In short, if they can no longer rely on the robust risk appetite of Saudi state investors, many cash-devouring Western technology companies will be wondering whether their ambitious growth plans are still sustainable.
It cuts the other way, too. In the past two years, the Saudi government has laid out a grand scheme called “Vision 2030” to transform Saudi Arabia’s economy, weaning it away from dependence on oil revenues and instead nurturing the growth of a vigorous and enterprising private sector.
The challenge is enormous. Today, relatively few Saudi citizens work, and of those that do, most work in the state sector. As a result, in recent years some 80 per cent of Saudi households’ income has come from the government, either in the form of public sector wages or as welfare payments.

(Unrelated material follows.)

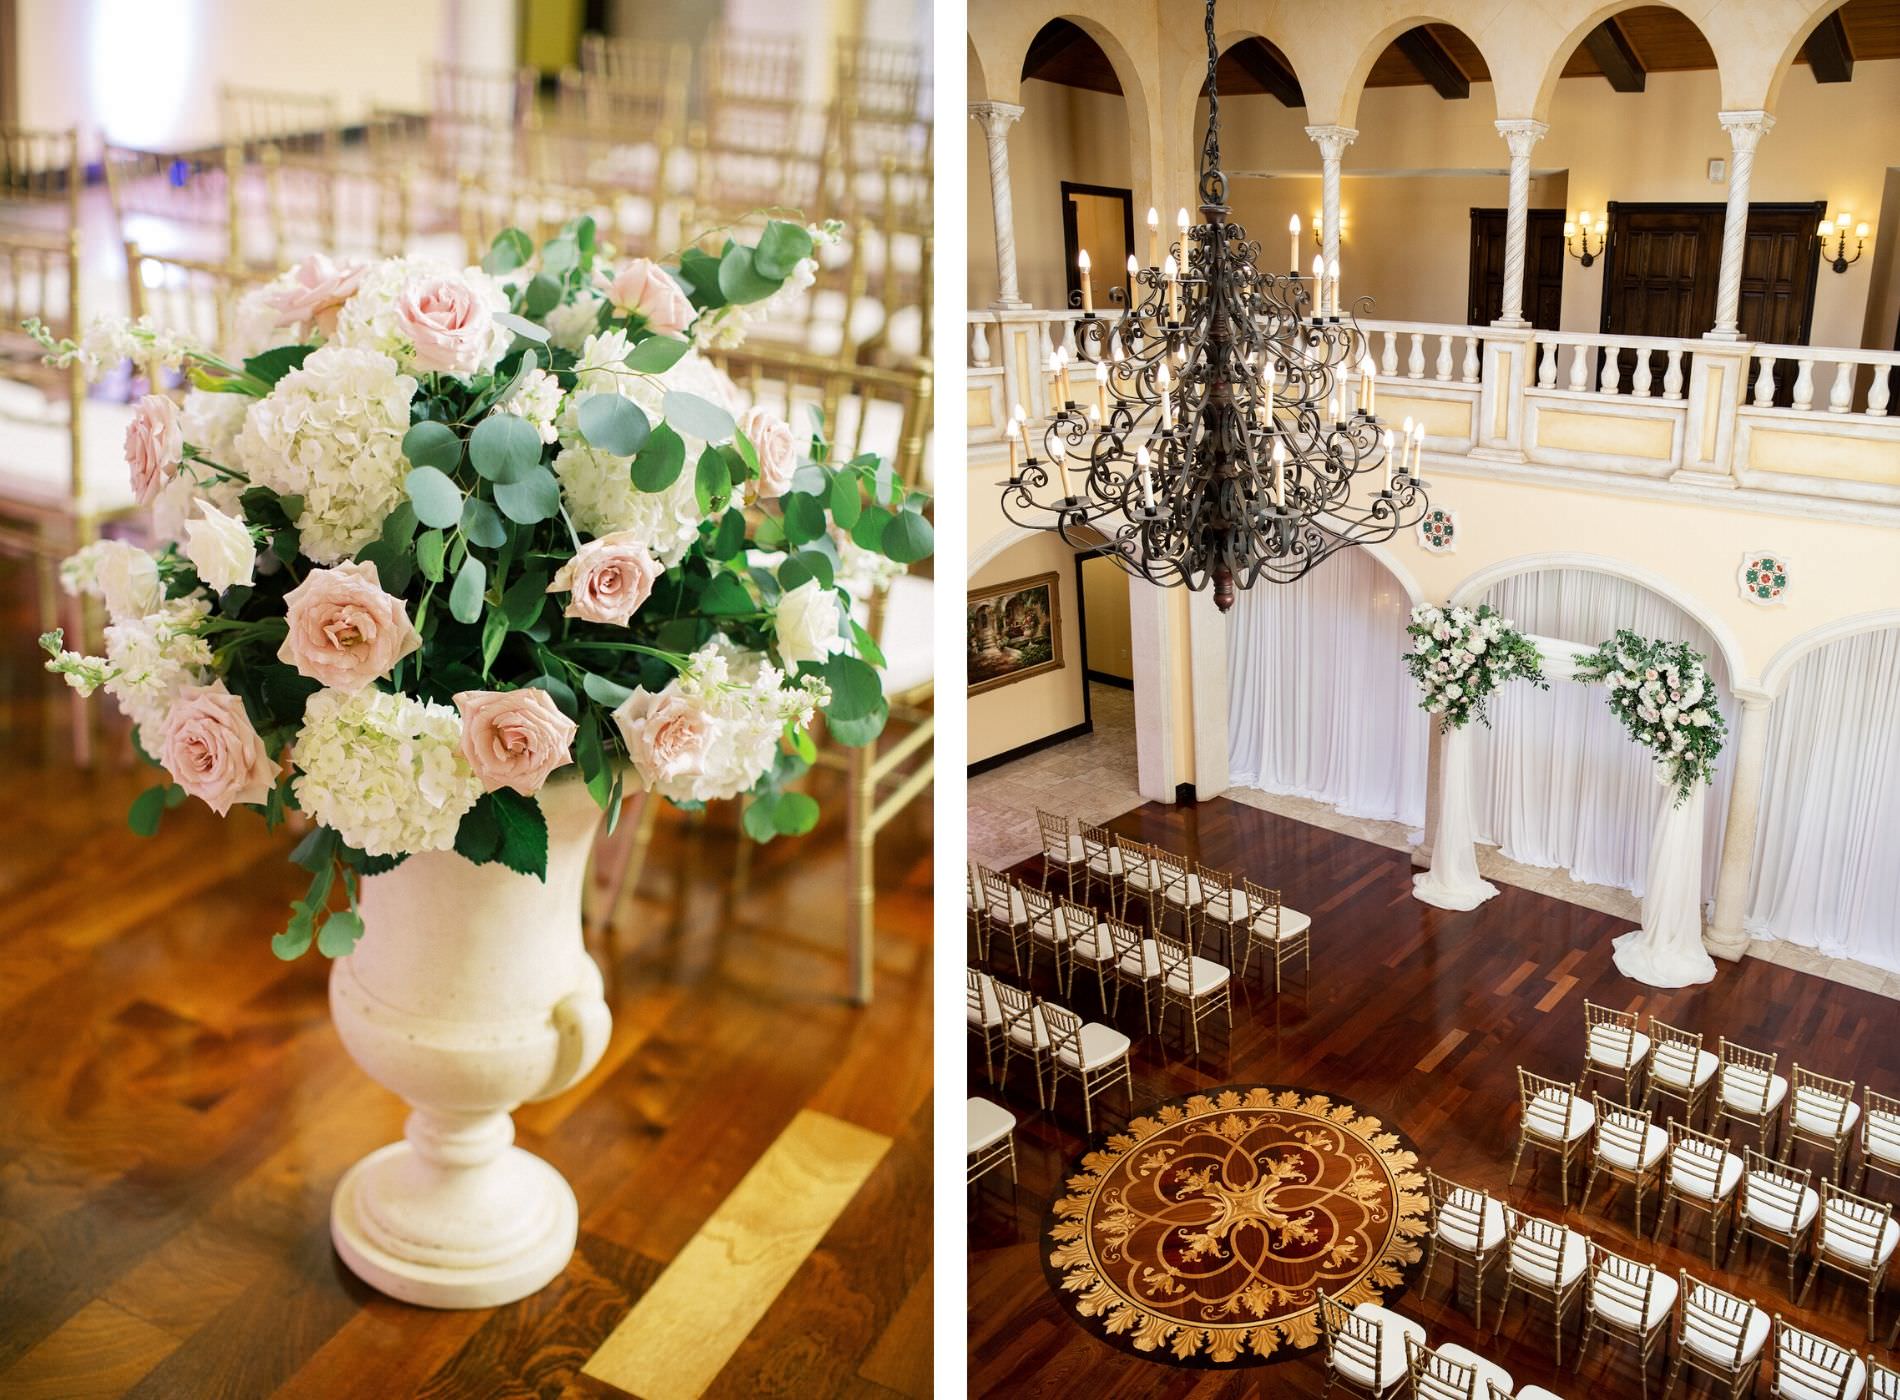 Wedding Ceremony Aisle Urn Centerpiece with Blush Pink Roses and Ivory Hydrangea and Eucalyptus Greenery | Tampa Wedding Venue Avila Golf & Country Club Indoor Ceremony with Gold Chiavari Chairs, Pipe and Drape Backdrop and Crystal Chandelier

Even with its vast oil revenues, Saudi Arabia’s state finances are suffering. With the price of oil below US$100 a barrel, Riyadh has run a budget deficit for the past three years. But that’s nothing. Over the next decade, an estimated 4.5 million young Saudis will enter the labour market, almost doubling the size of the domestic workforce. According to consultancy McKinsey, even if Riyadh were to expel its vast legion of low-skilled foreign workers and replace them with young Saudis, it would at most create only three million jobs for locals. The unemployment rate among Saudis would still climb to 20 per cent.
To avoid fiscal ruin and social instability, Saudi Arabia needs to create new jobs for its citizens at a blistering rate – three times as fast as during the boom years of 2003-2013. Simply pouring state oil revenues into long-term investments won’t do the trick. Riyadh has tried that before, investing US$450 billion in education, health and infrastructure during the oil boom. The new jobs the country needs can only come from rapid growth in the private sector, and that means bringing in foreign private capital and know-how.
But if the Saudi regime is now too toxic for Western companies to be seen to be doing business there, Riyadh will have to look elsewhere for the investment and expertise it so desperately needs. The obvious place to turn is to East Asia, and to China in particular. China has vast sums of capital it wants to recycle abroad, formidable domestic companies looking to expand internationally, and little squeamishness about how regimes choose to treat their dissidents.
In years to come, it may well be that the disappearance of Jamal Khashoggi will be seen as a crucial step in distancing the Saudi regime from its traditional backers in the West, and in forging closer economic and political alliances in Asia, and especially with China. After Khashoggi, Riyadh might be beyond the pale as far as Western chief executives are concerned. That’s unlikely to be the case for their Chinese counterparts.